Pictures aside, reproduce exactly each line from the one holding "Hancock - Oval" through the last line of the material, both ends included.

*Recorded information*:

[Start of section]

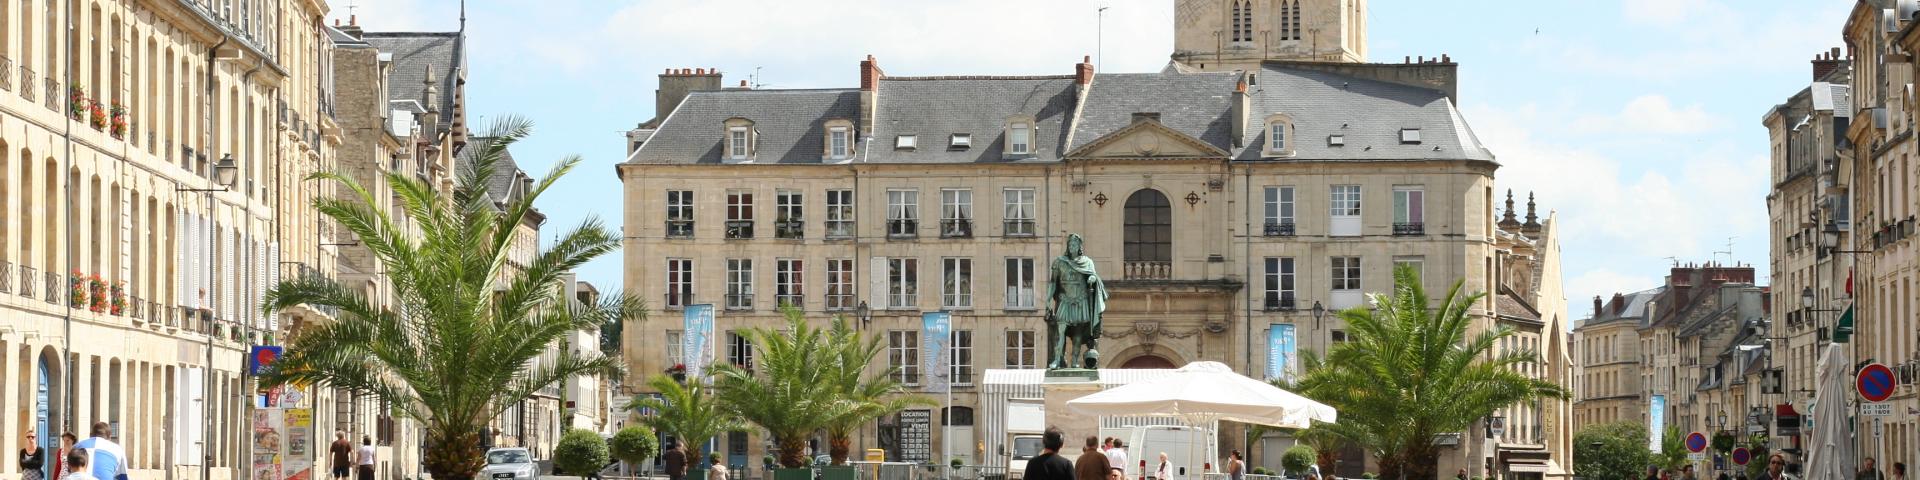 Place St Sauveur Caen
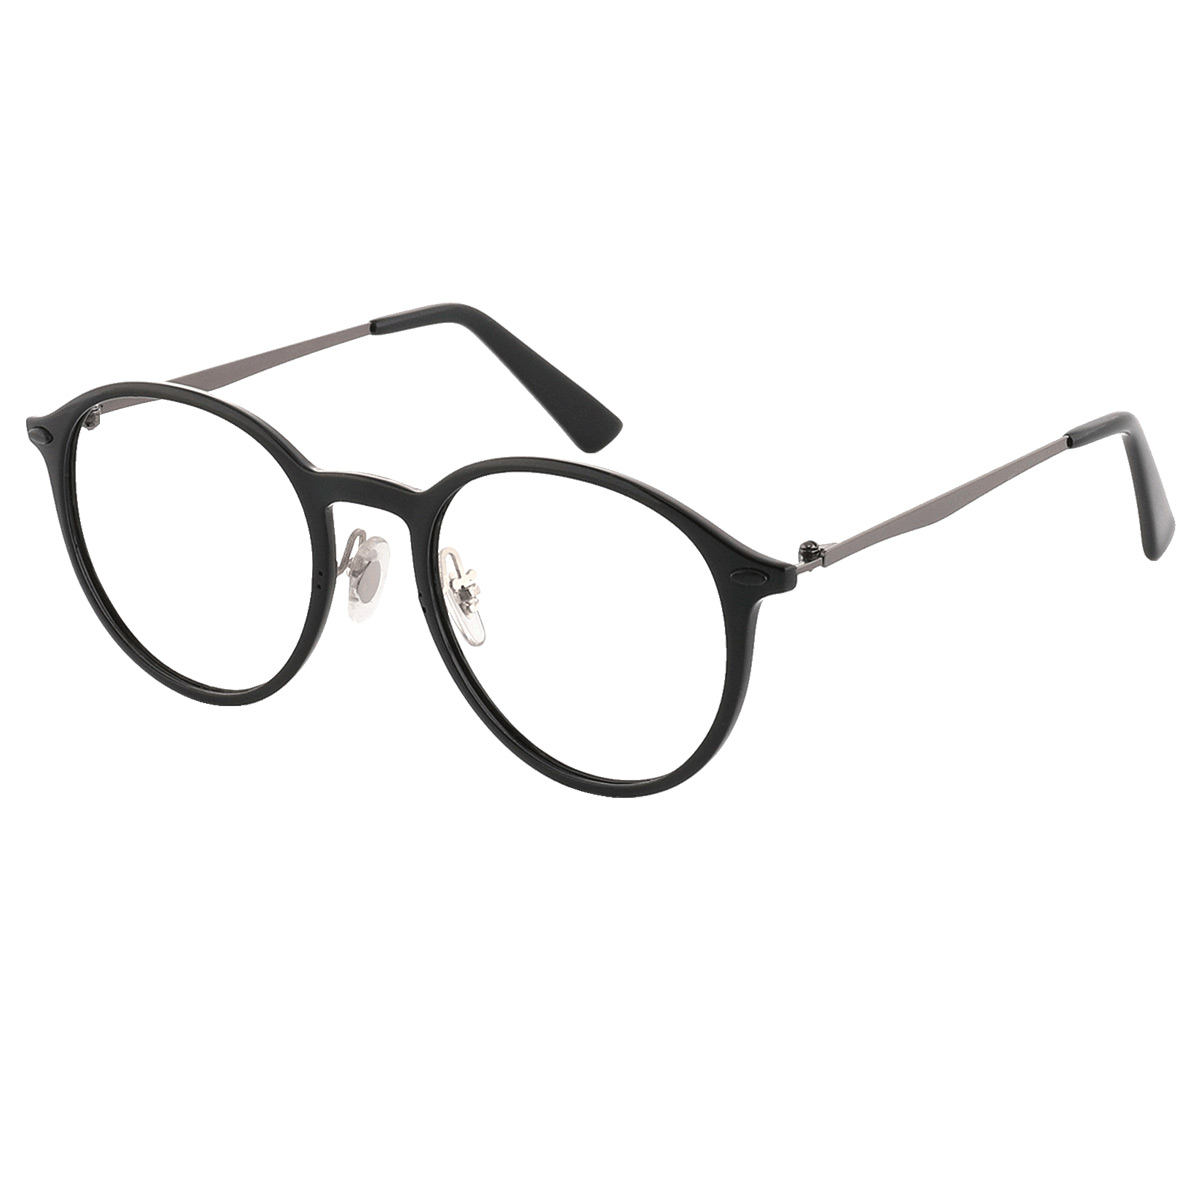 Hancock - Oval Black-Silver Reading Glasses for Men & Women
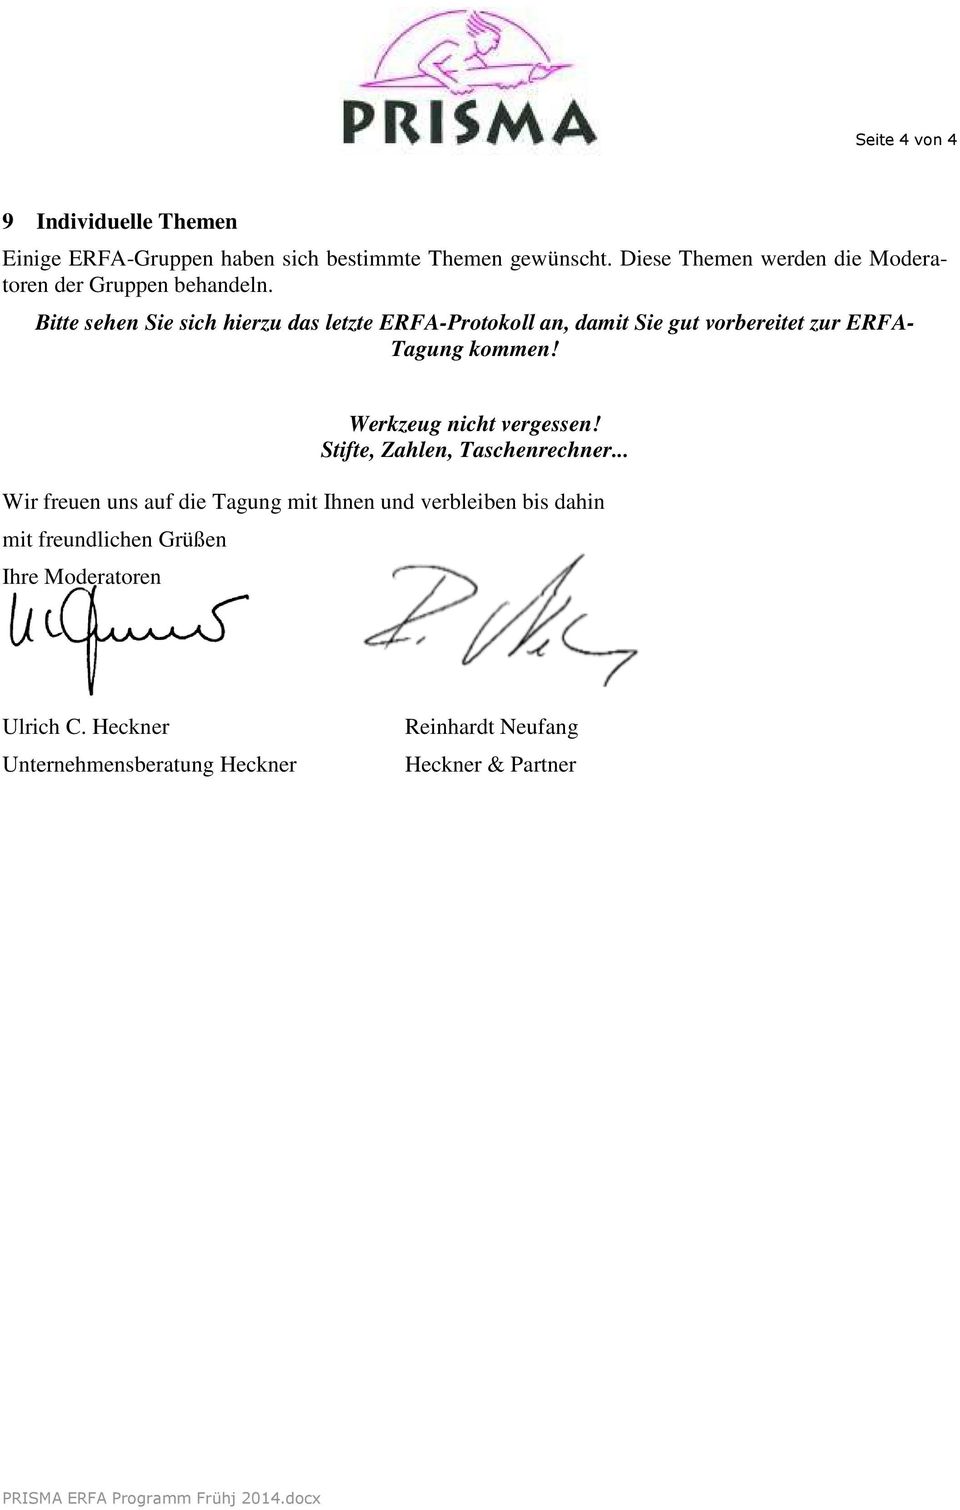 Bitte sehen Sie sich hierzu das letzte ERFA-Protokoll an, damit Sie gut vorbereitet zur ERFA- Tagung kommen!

[End of section]

*Your solution*:
 Hancock - Oval Black-Silver Reading Glasses for Men & Women
 Bitte sehen Sie sich hierzu das letzte ERFA-Protokoll an, damit Sie gut vorbereitet zur ERFA- Tagung kommen!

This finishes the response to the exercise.